== Segment start ==

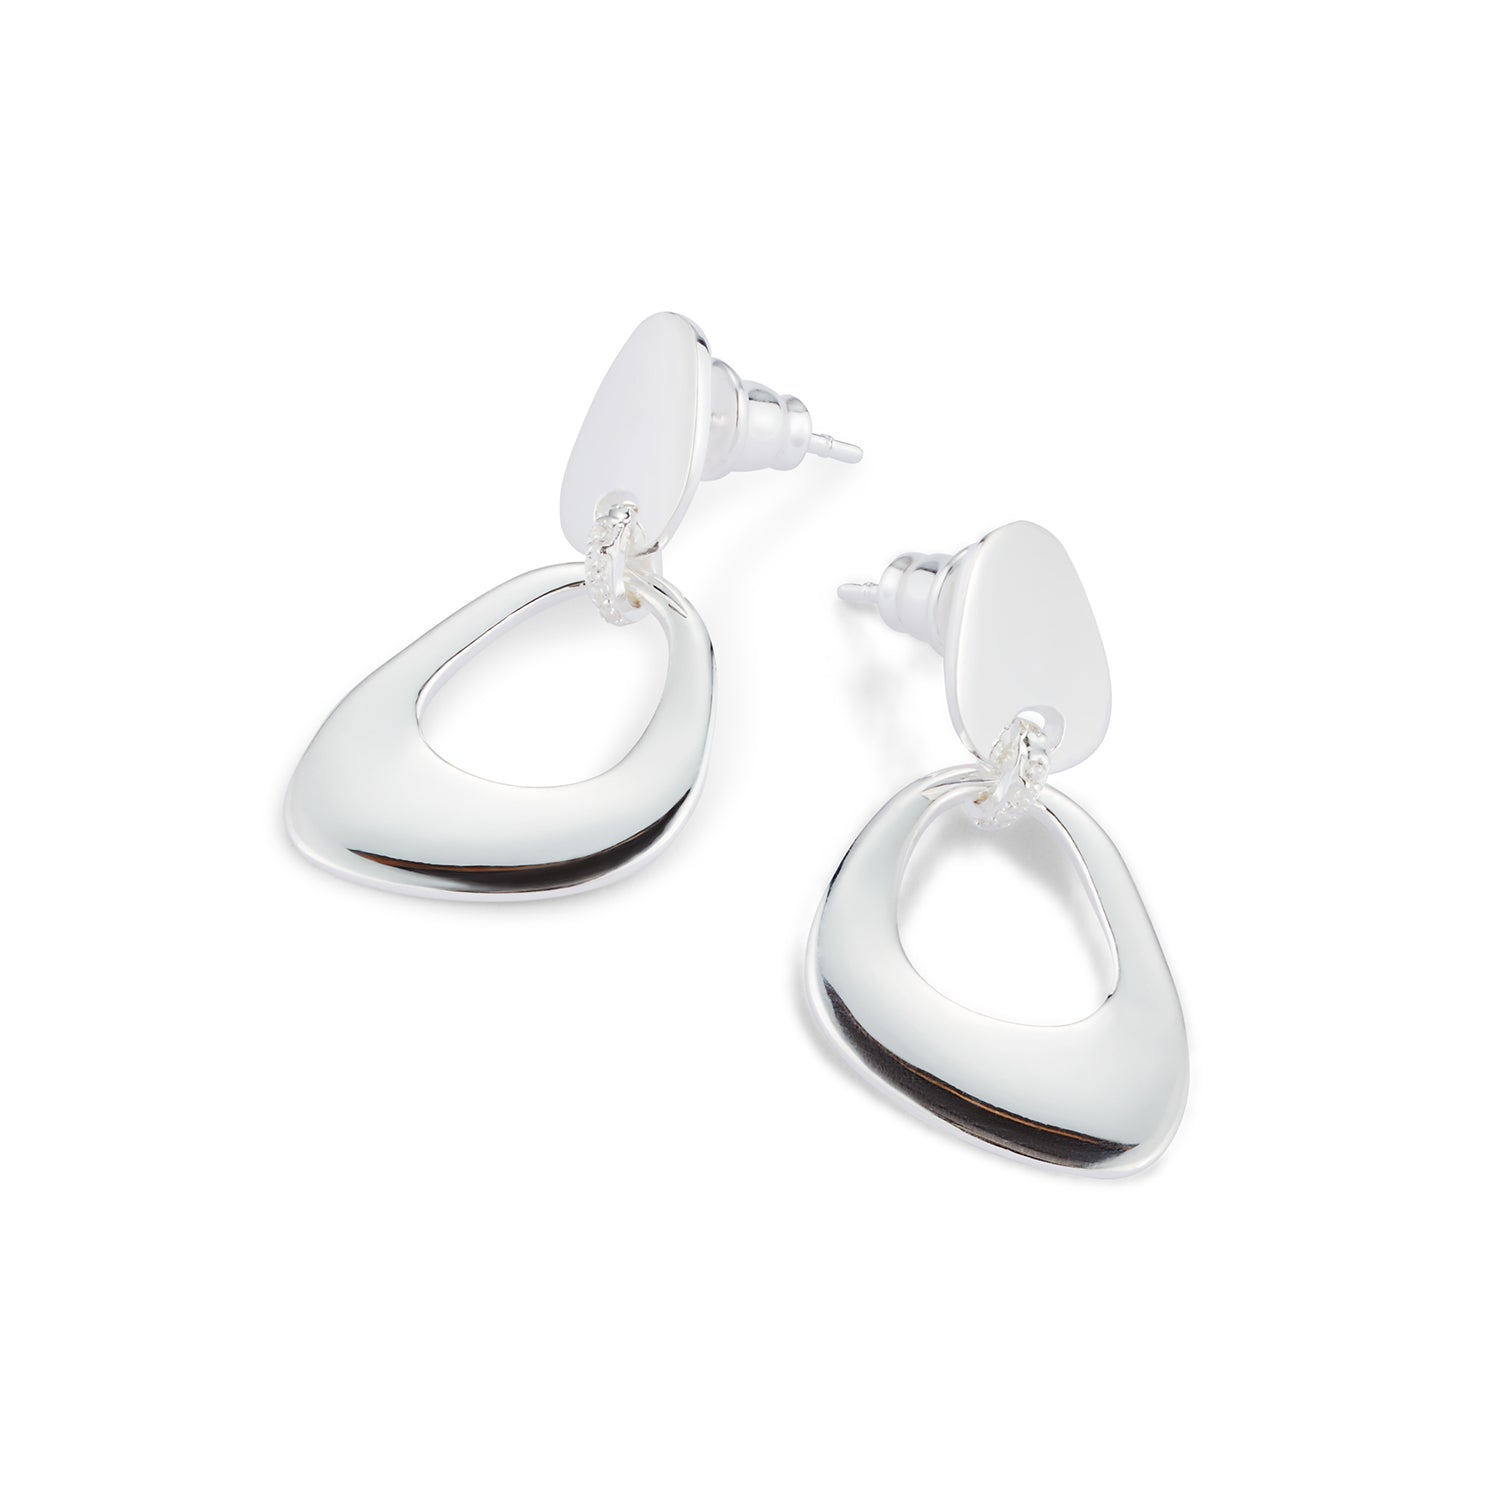 Pebble Drop Earrings - Sterling Silver
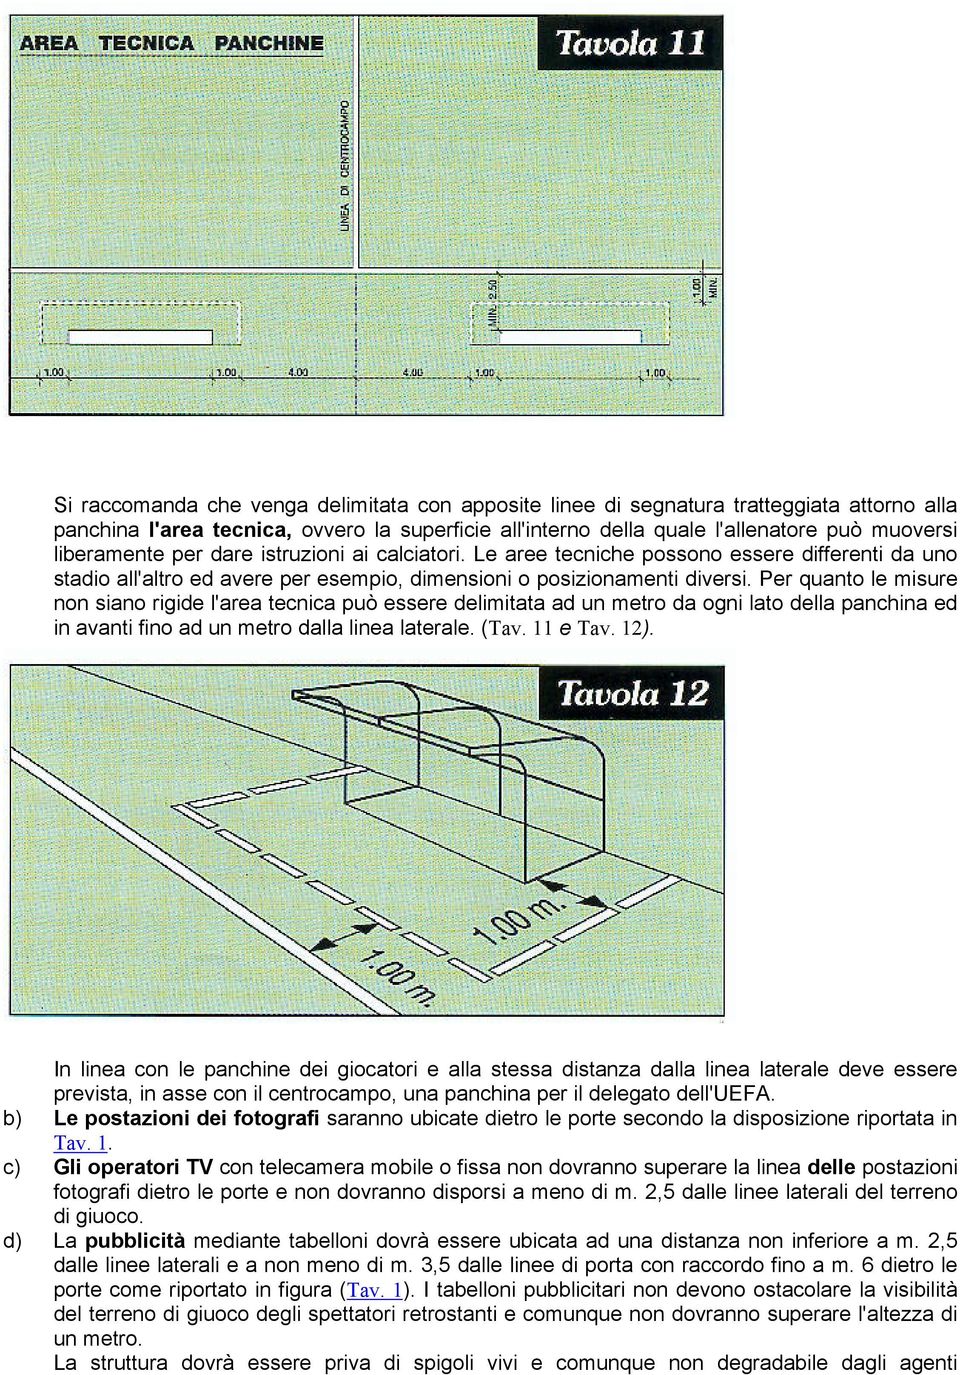 Per quanto le misure non siano rigide l'area tecnica può essere delimitata ad un metro da ogni lato della panchina ed in avanti fino ad un metro dalla linea laterale. (Tav. 11 e Tav. 12).
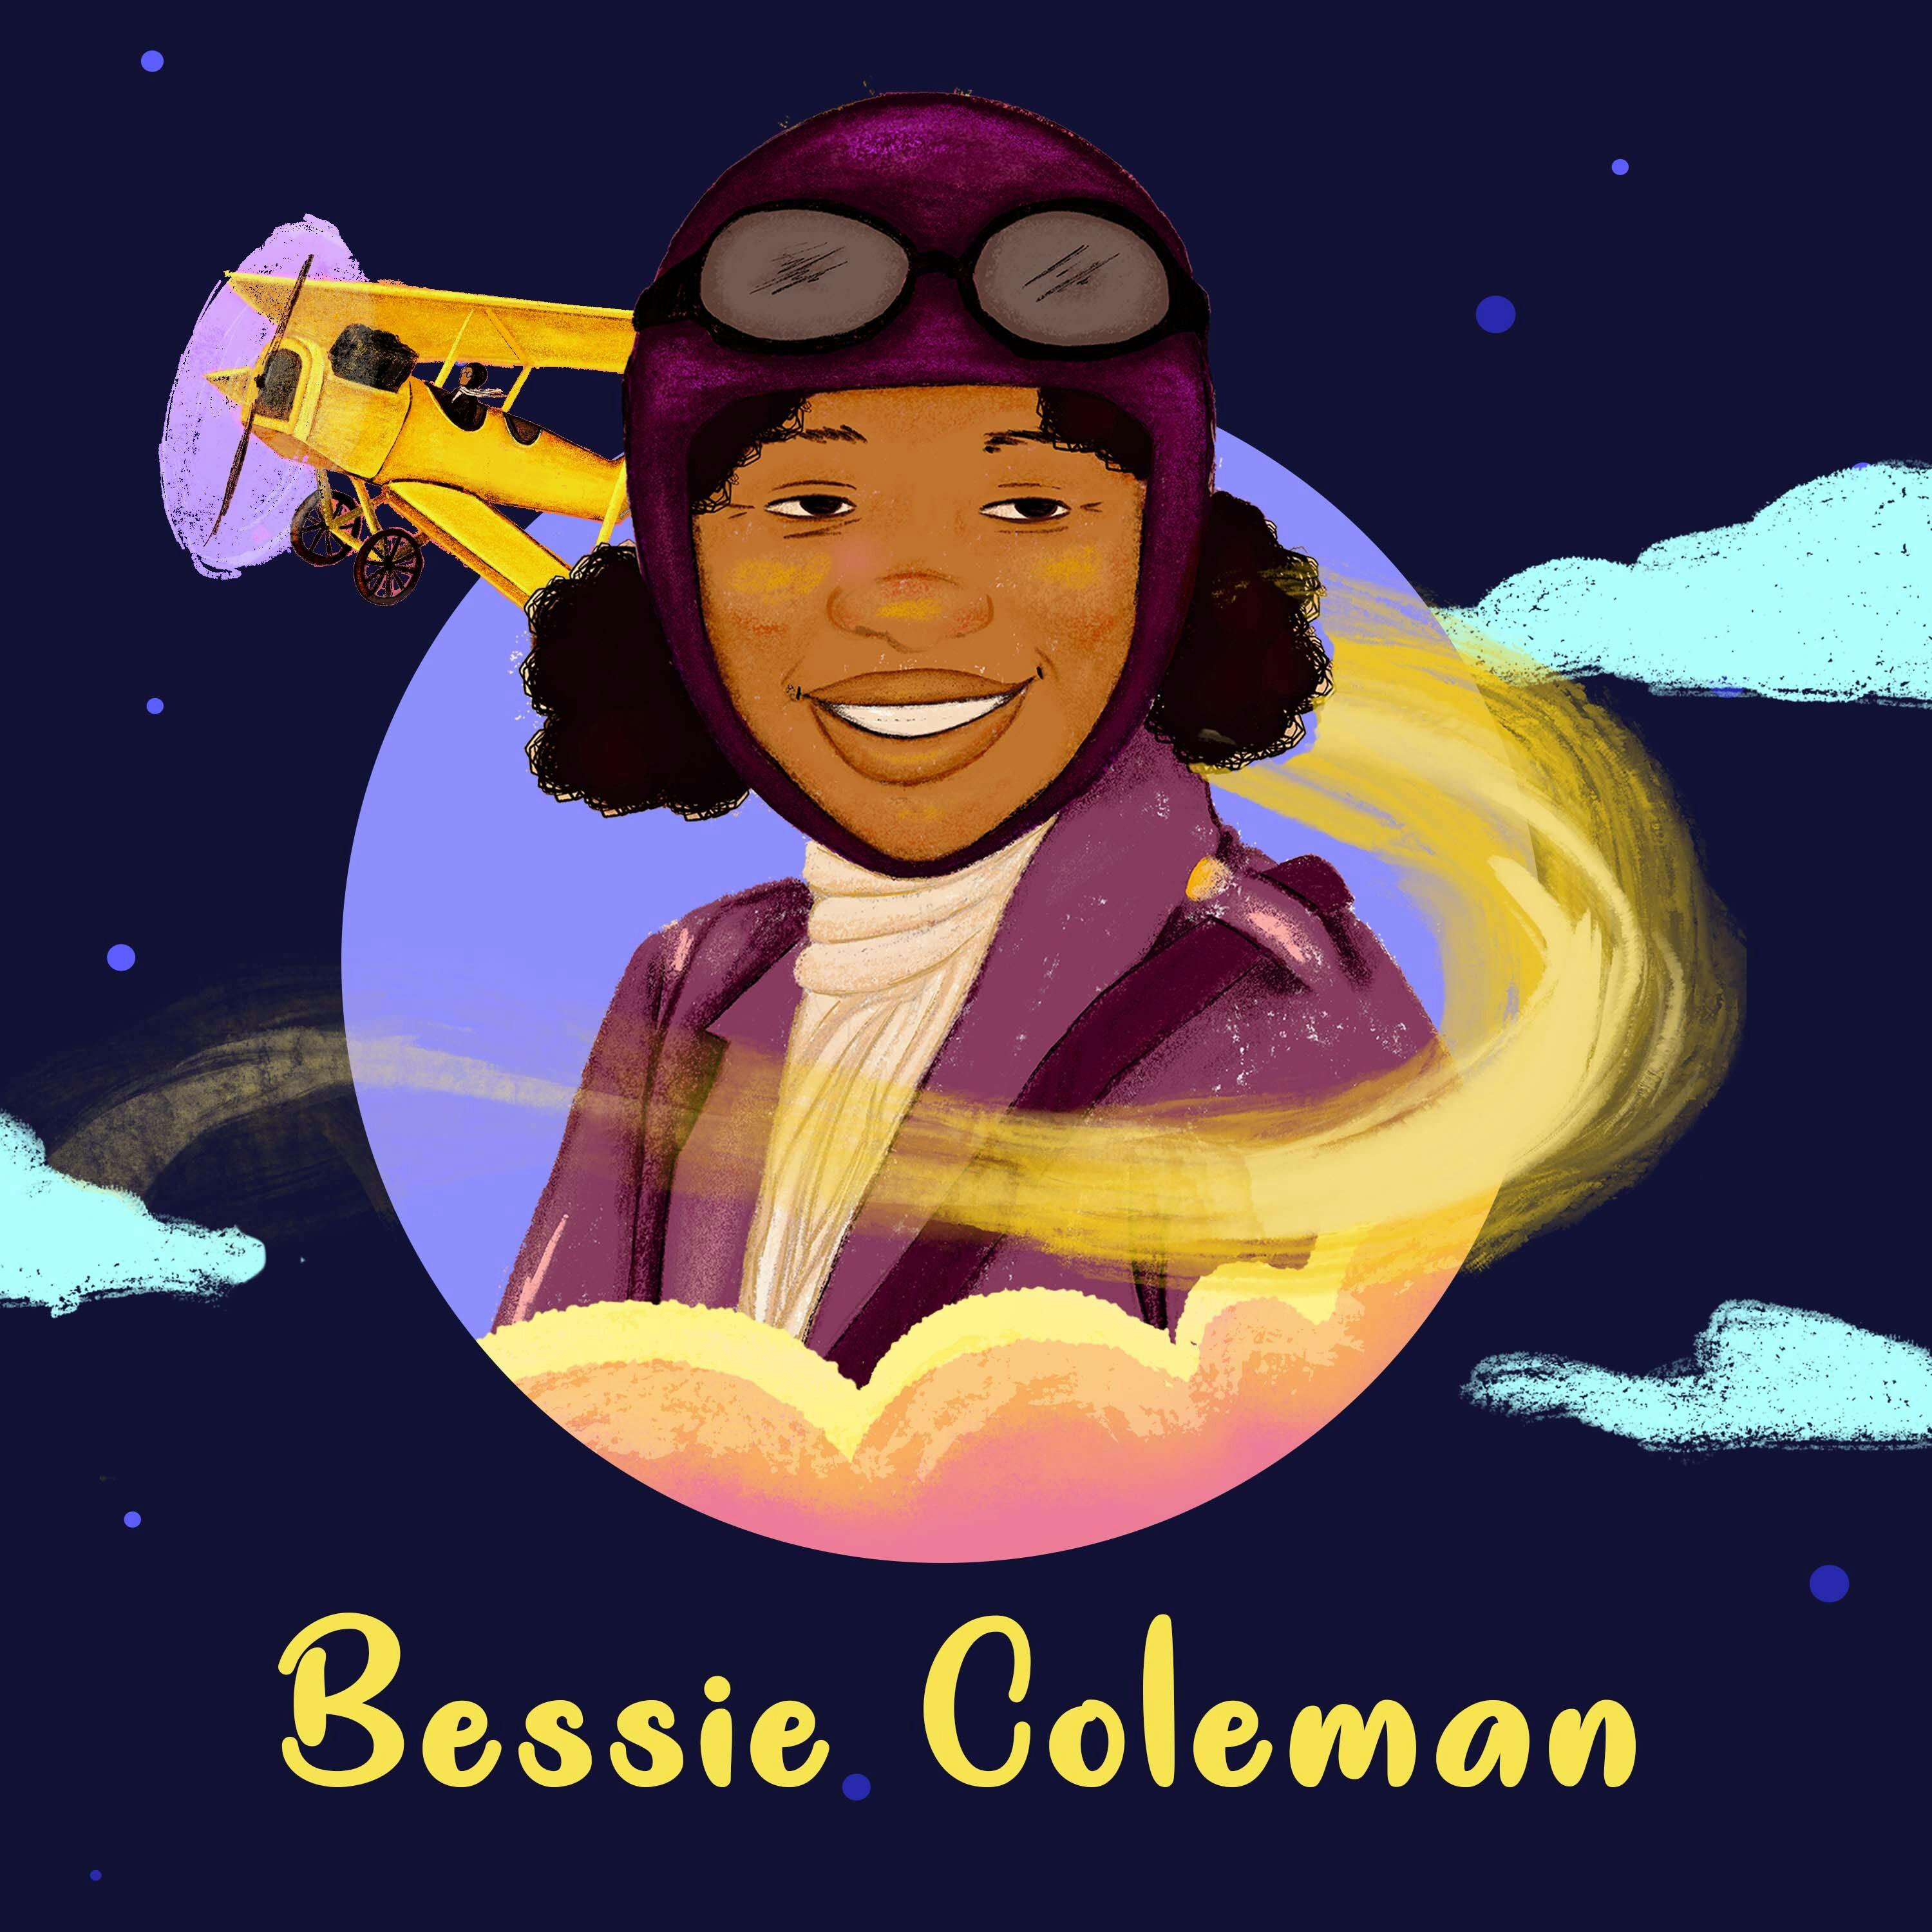 Bessie Coleman: Queen of the Skies

== Segment end ==

Requirement =>
Everything above should be given again exactly, apart from the pictures.

Solution for this exercise =>
 Pebble Drop Earrings - Sterling Silver
 Per quanto le misure non siano rigide l'area tecnica può essere delimitata ad un metro da ogni lato della panchina ed in avanti fino ad un metro dalla linea laterale. (Tav. 11 e Tav. 12).
 Bessie Coleman: Queen of the Skies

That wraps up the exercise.